◆ **Records for this task**:
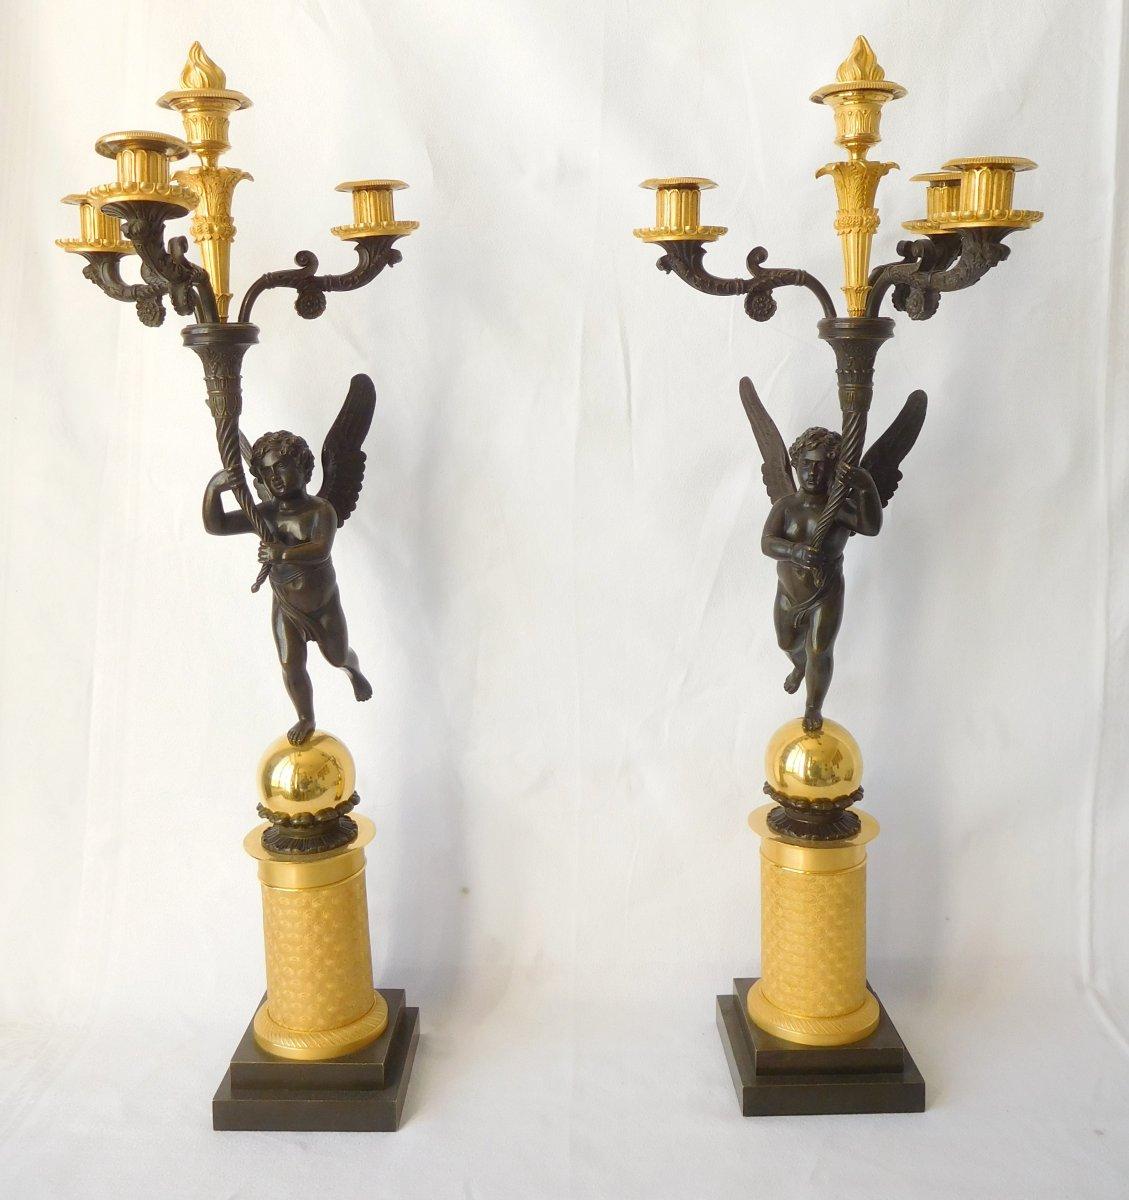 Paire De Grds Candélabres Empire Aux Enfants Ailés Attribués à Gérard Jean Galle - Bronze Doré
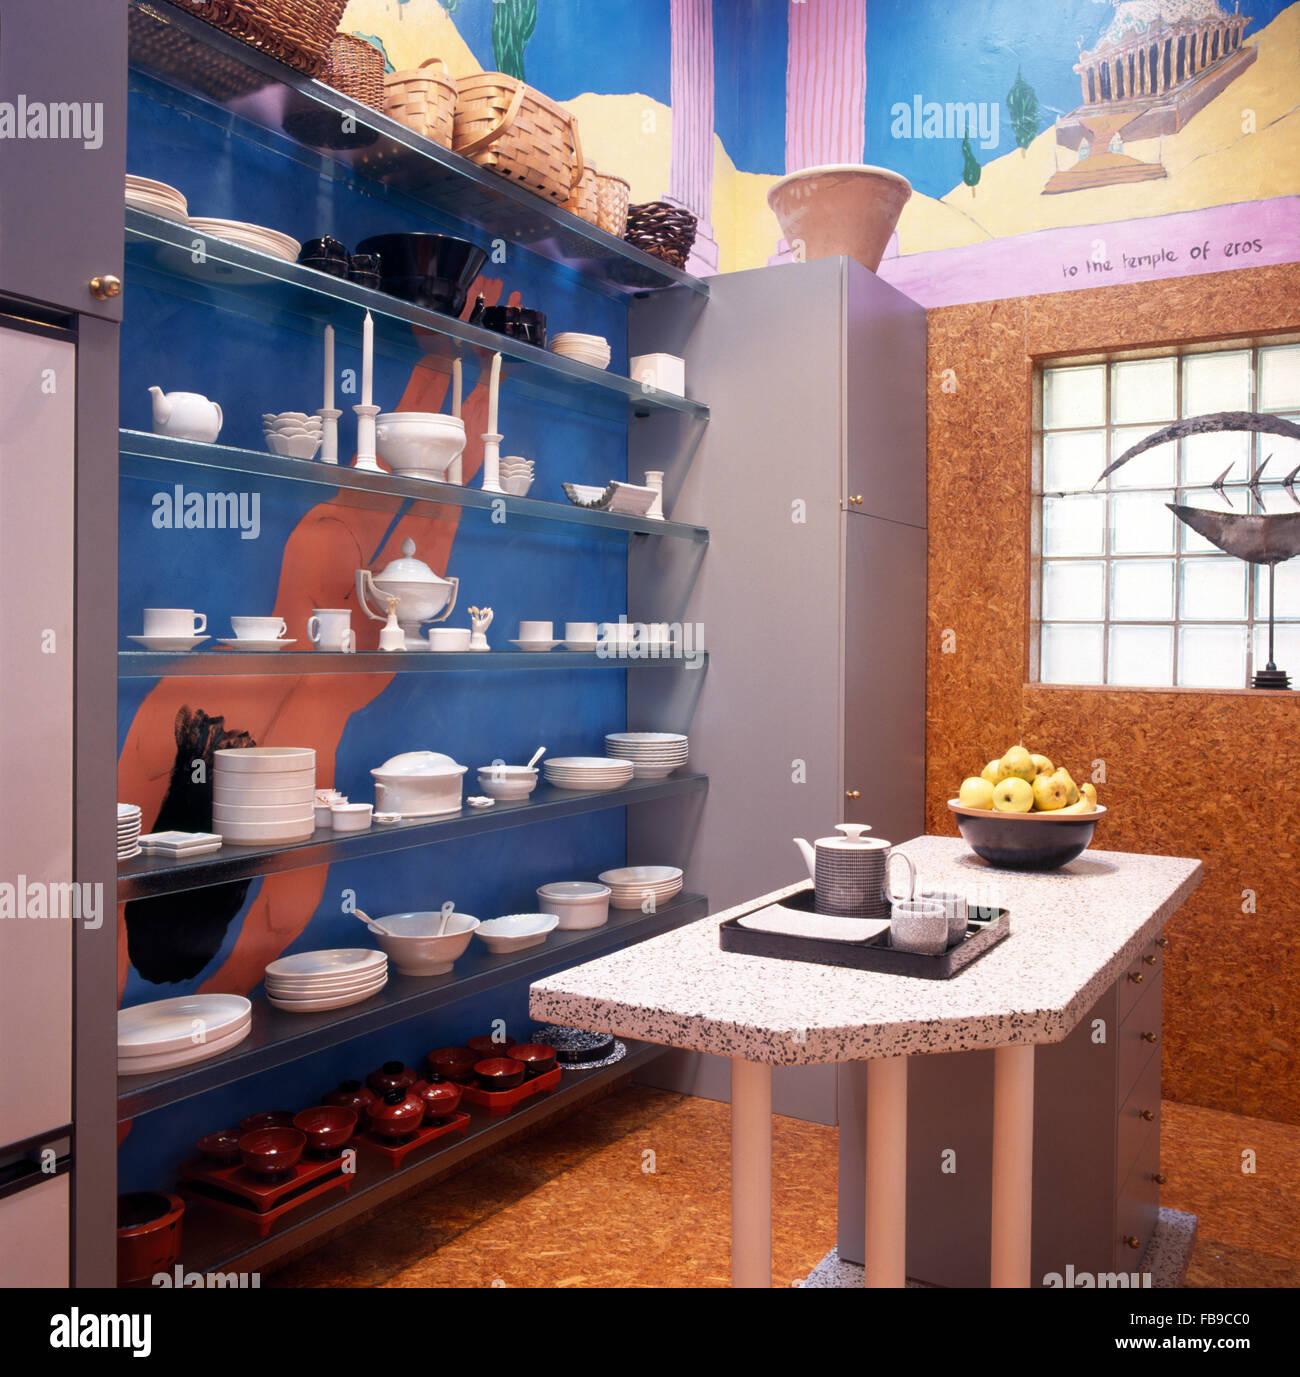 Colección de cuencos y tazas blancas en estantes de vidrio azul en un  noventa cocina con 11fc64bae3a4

---

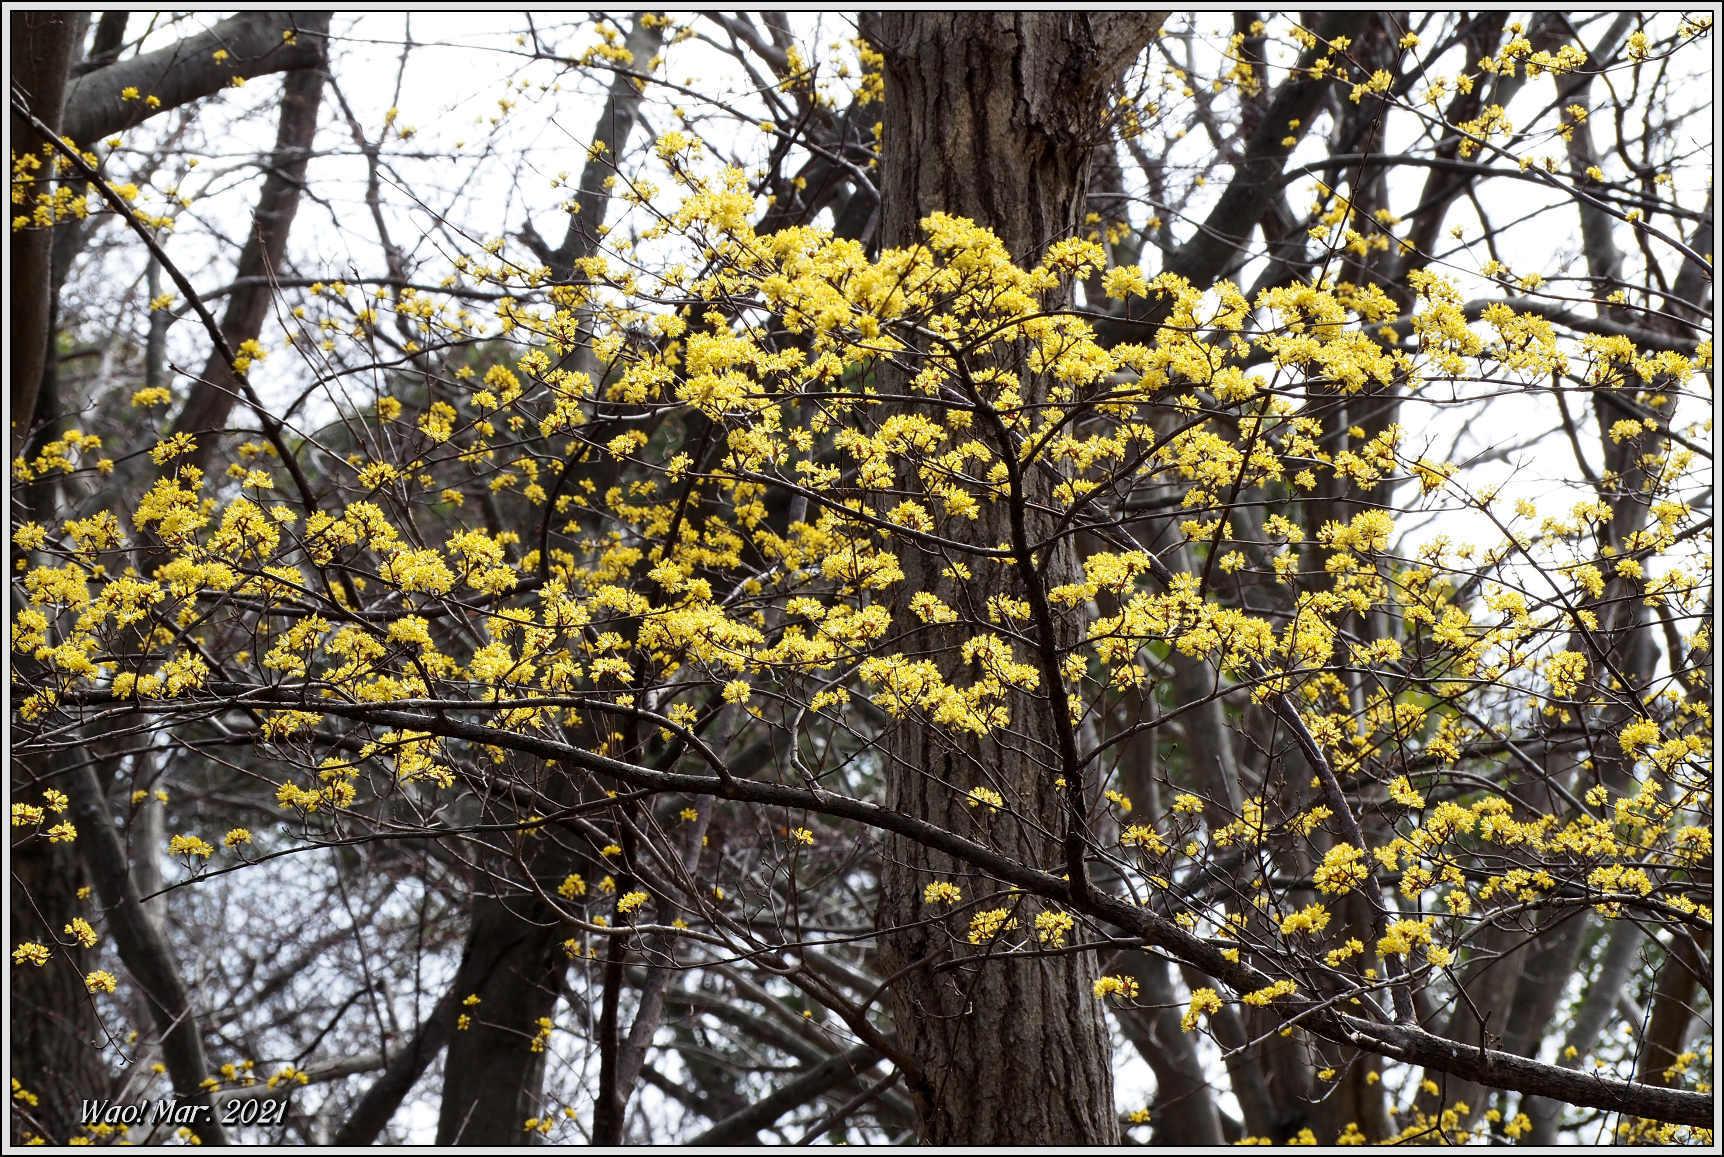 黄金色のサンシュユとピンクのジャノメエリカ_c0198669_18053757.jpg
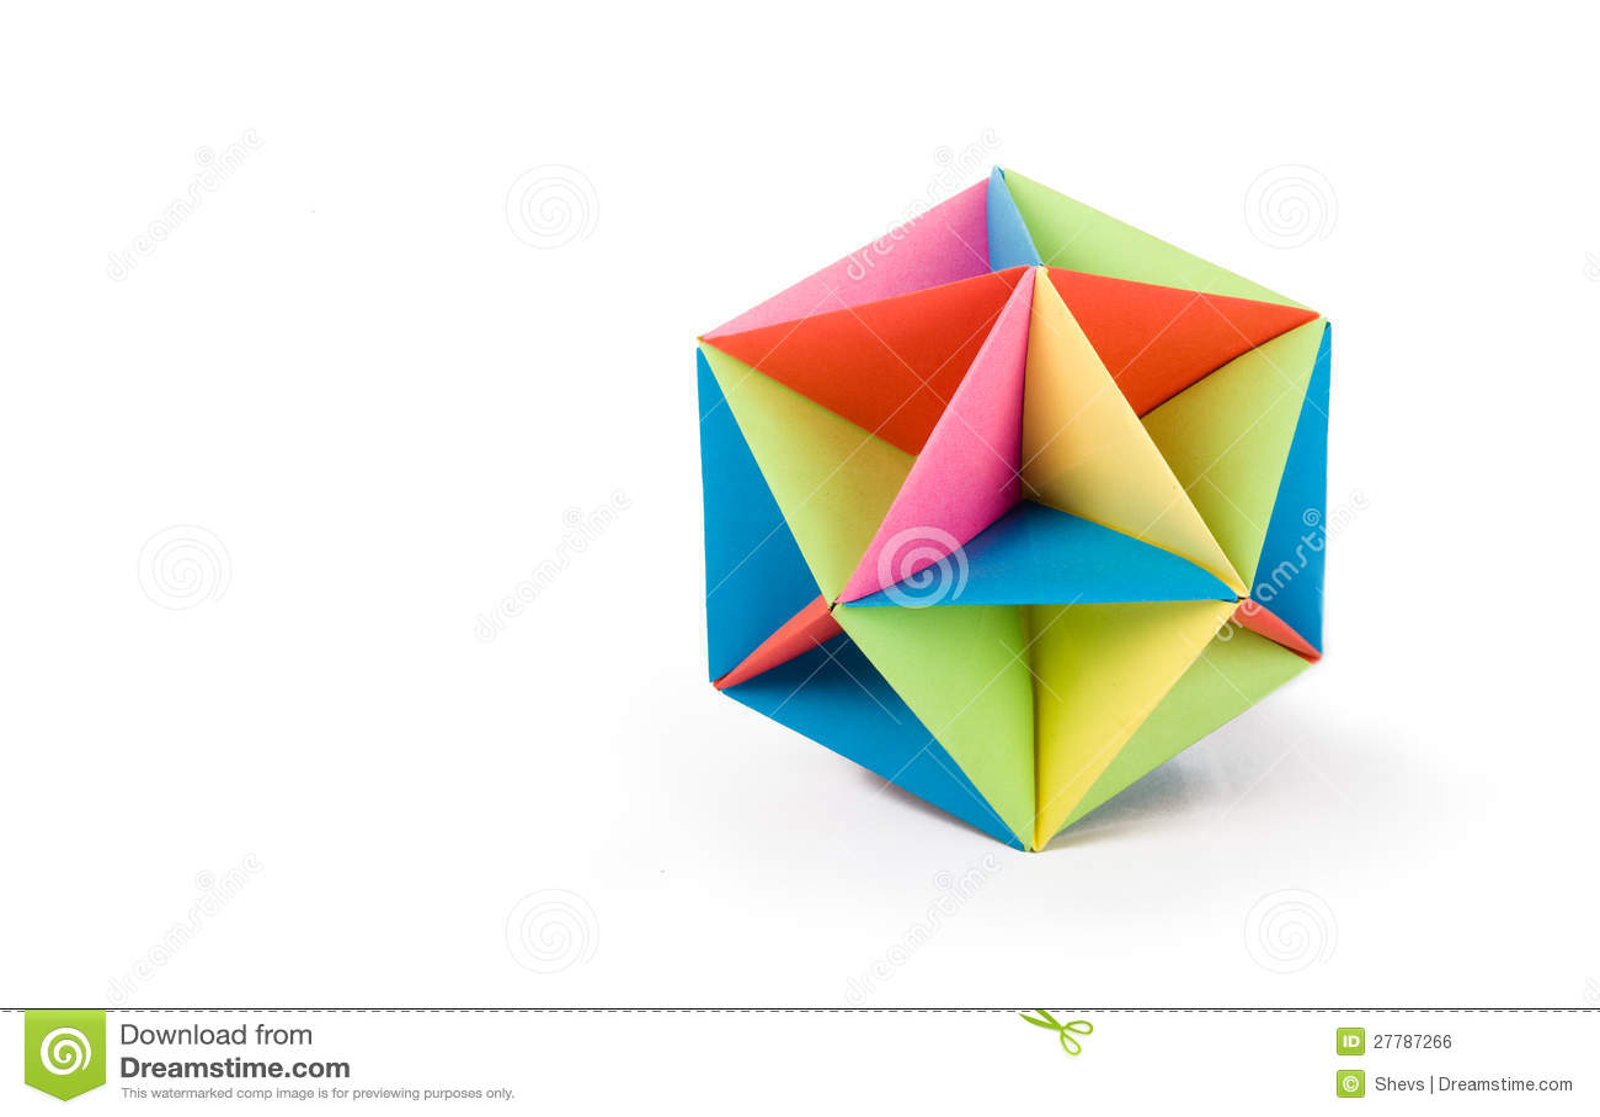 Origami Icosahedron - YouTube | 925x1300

---

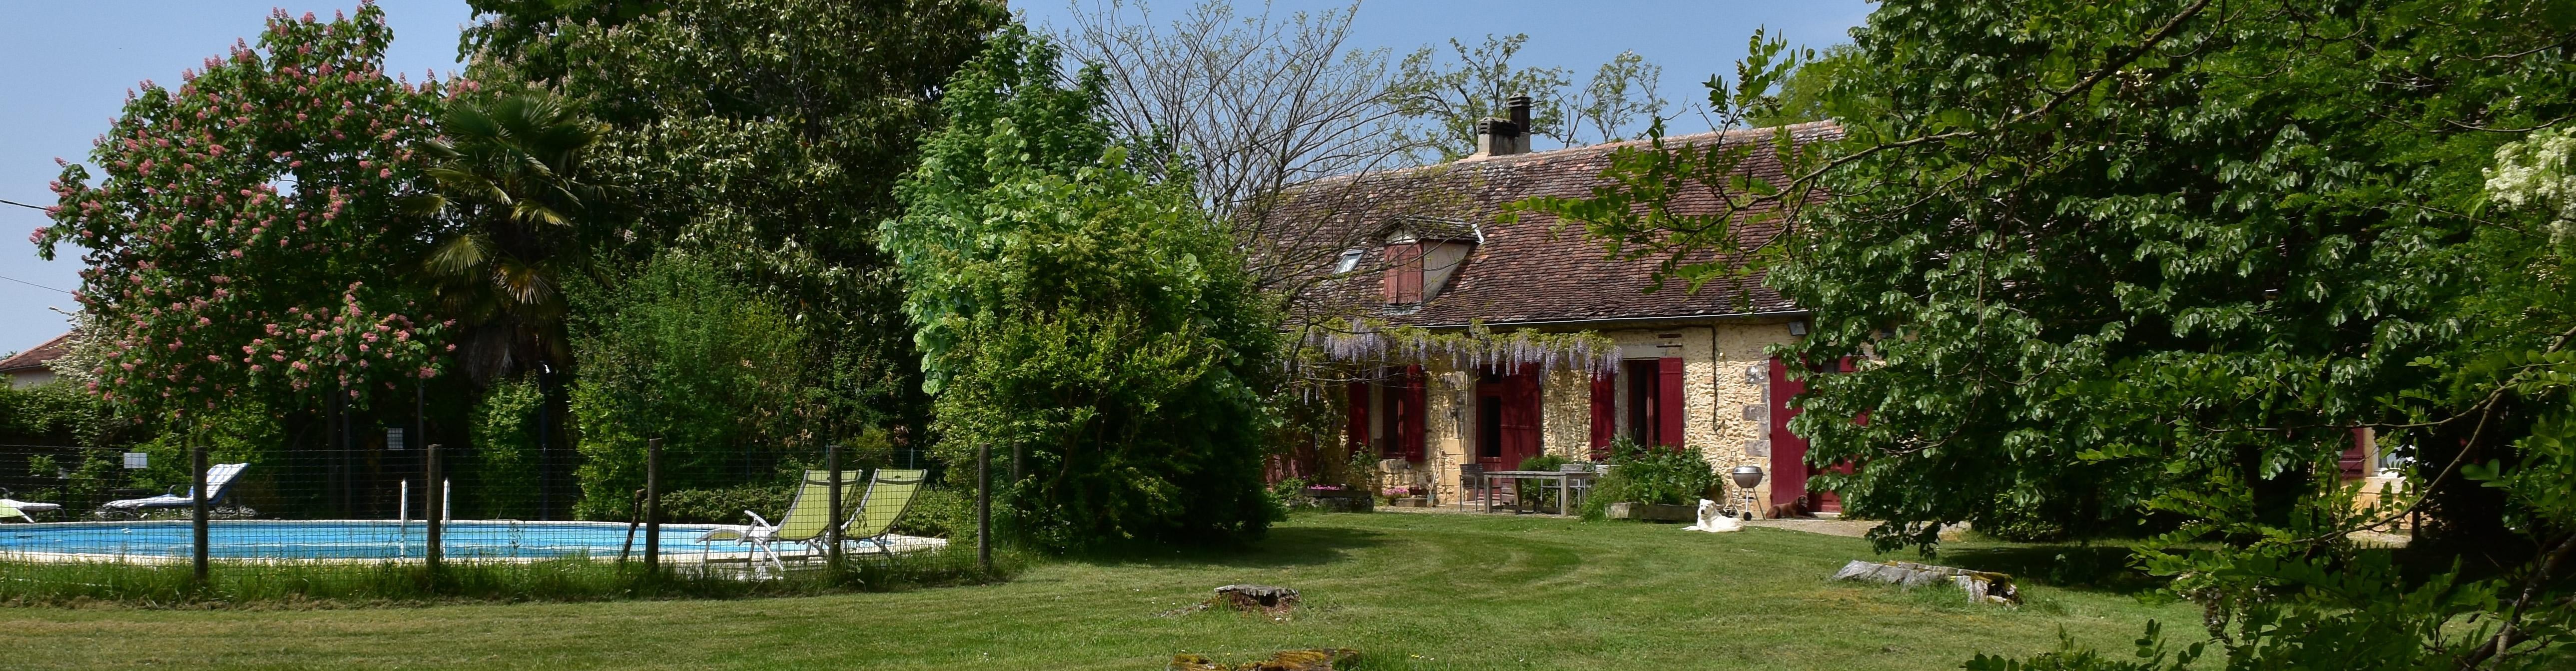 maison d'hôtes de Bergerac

◆ **Goal of the exercise**:
In the entries above, find the line with "Paire De Grds" and the line with "Colección de cuencos". Return exactly those lines and all the ones between them, pictures excluded.

◆ **Solution for this exercise**:
 Paire De Grds Candélabres Empire Aux Enfants Ailés Attribués à Gérard Jean Galle - Bronze Doré
 Colección de cuencos y tazas blancas en estantes de vidrio azul en un  noventa cocina con 11fc64bae3a4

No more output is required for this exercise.